Kollar-Kotelly determined that this was a blanket ban in October 2017, and the nationwide injunctions from U.S. District Judge Marsha Pechman in Seattle and U.S. District Judge Jesus Bernal in Riverside, California, came on Dec. 11 and Dec. 22, respectively.
U.S. Solicitor General Noel Francisco contested the injunctions in identical petitions to the high court, saying the military needed immediate relief or else the previous policy would “remain in place for at least another year and likely well into 2020 — a period too long for the military to be forced to maintain a policy that it has determined, in its professional judgment, to be contrary to the nation’s interests.”
“In arriving at that new policy, Secretary Mattis and a panel of senior military leaders and other experts determined that the prior policy, adopted by Secretary Mattis’s predecessor, posed too great a risk to military effectiveness and lethality,” Francisco’s petitions both state. “As a result of the court’s nationwide preliminary injunction, however, the military has been forced to maintain that prior policy for nearly a year.”

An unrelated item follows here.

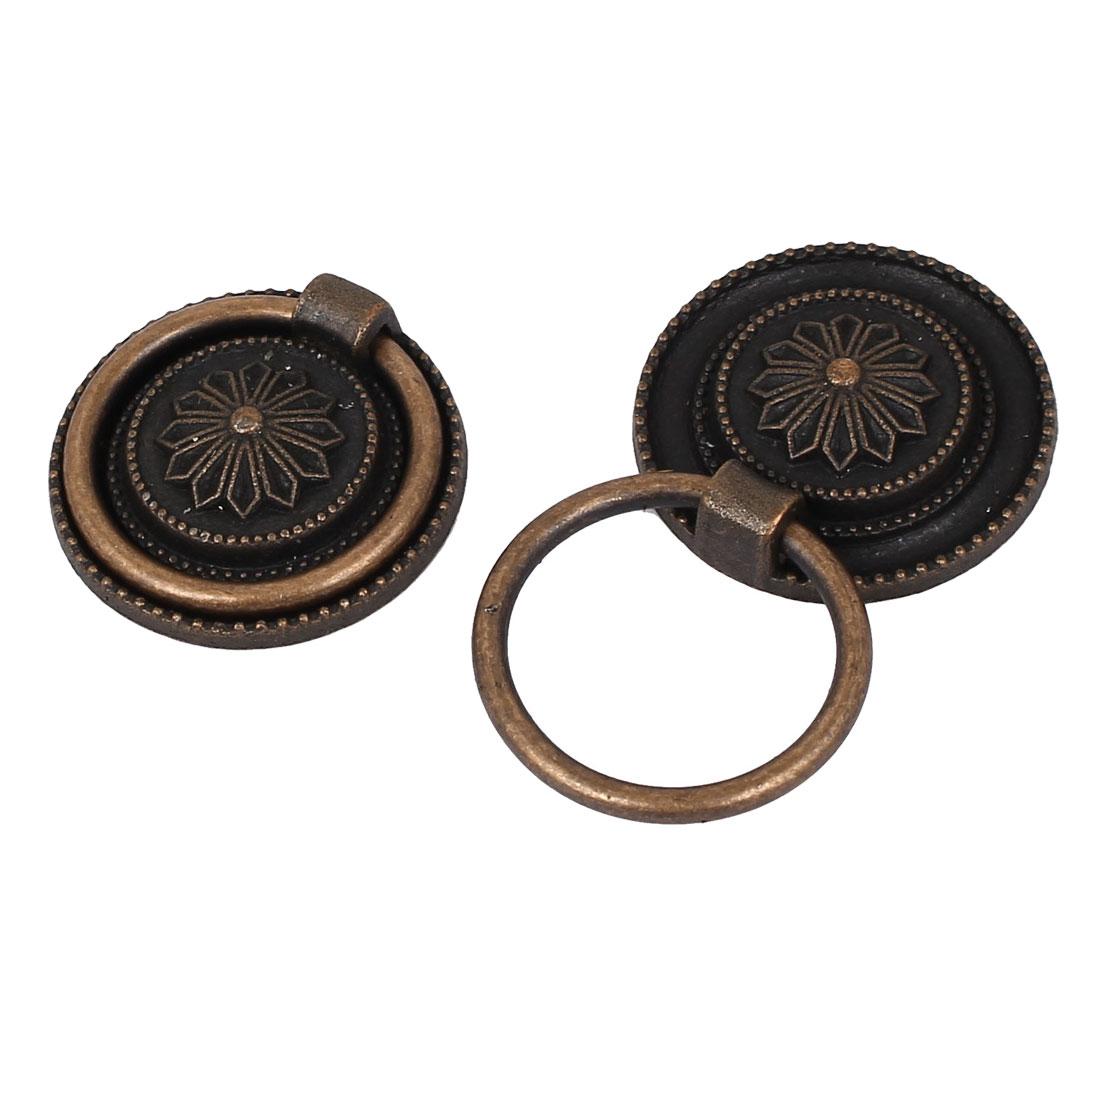 Cabinet Drawer Door Metal 3cm Diameter Round Ring Pull Handles 2pcs

In the Seattle case, lead plaintiff Ryan Karnoski is represented by Kirkland & Ellis attorney Stephen Ray Patton, as well as by Lambda Legal, Newman Du Wors and OutServe-SLDN.
Lambda Legal attorney Peter Renn expressed confidence that ongoing discovery in the case will expose the Mattis policy “for what it is: rank discrimination.”
“The decision to stay the preliminary injunctions is disappointing, because it lays the groundwork for the government to begin implementing President Trump’s dangerous and discriminatory ban to deprive the military of qualified transgender service members, but it’s also important to note that this decision is not a ruling on the merits of the constitutionality of the ban,” Renn said in an email this afternoon.
Latham & Watkins attorney J. Scott Ballenger represents the challengers in Riverside, who are led by Aiden Stockman.
WilmerHale attorney Paul Wolfson represents the D.C. challengers, led by Jane Doe 2.